La antigua Persia le provoca cierta repulsión, por la fealdad de Teherán con sus construcciones modernas sin estilo definido, el tráfico infernal, la contaminación y el desorden urbanístico. Otras consideraciones, de tipo político, influyen en este rechazo. Irán , tras la caída del Sha Reza Mohamed Palehvi , que intentó modernizar el país pero le faltó la estatura de un Ataturk-dice Reverte- se ha convertido en una teocracia feudal , en la que las mujeres han llevado la peor parte en un estado musulmán donde han vuelto a los velos y a los asientos exclusivos en los transportes públicos. Reverte viaja en uno de esos asientos en un tren, desafiando las normas y comprueba la amabilidad de una de ellas. Irán hace que se reconcilie con su pobre imagen, gracias a la asombrosa hospitalidad de sus gentes y el brillo majestuoso de sus edificios antiguos y museos.

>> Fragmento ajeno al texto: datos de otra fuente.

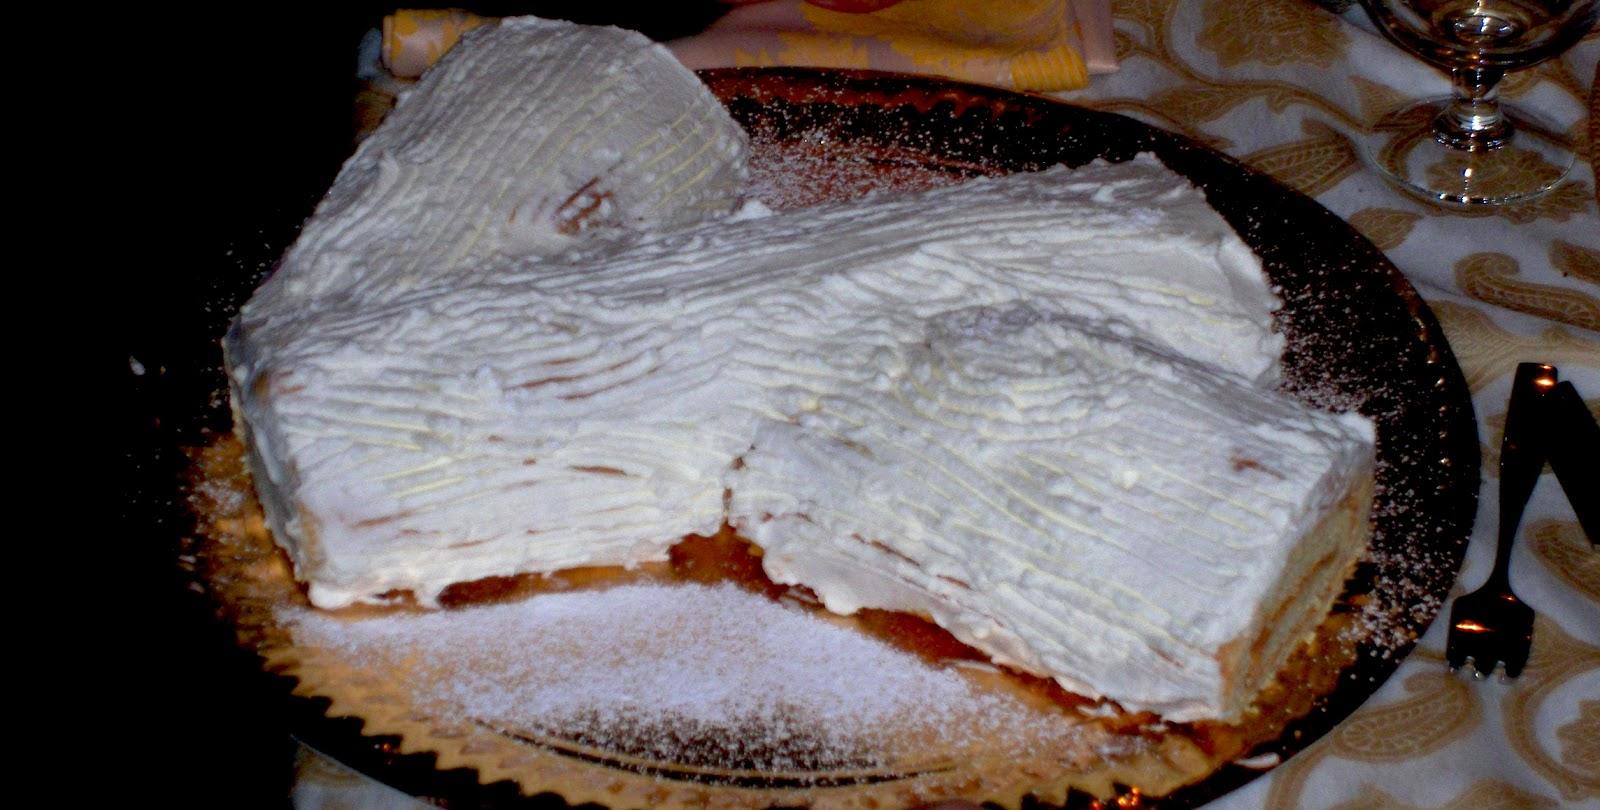 Tronchetto Bianco Di Natale.Tronchetto Bianco Di Natale

Hay descripciones de comidas, platos típicos no siempre del gusto del narrador y finalmente un desencanto que se le trasluce al comprobar que el mundo antiguo, del que ha sacado referencias, ya no existe sino en las bibliotecas de eruditos y ha cedido paso a una odiosa y también inevitable globalización. Algo que , a pesar del pasado glorioso, al nacionalismo integrista y los monumentos mayestáticos de Asia, hace preguntarse al periodista viajero si Oriente ya no es lo mismo que Occidente, es decir un lugar donde ya no hay fronteras o son invisibles.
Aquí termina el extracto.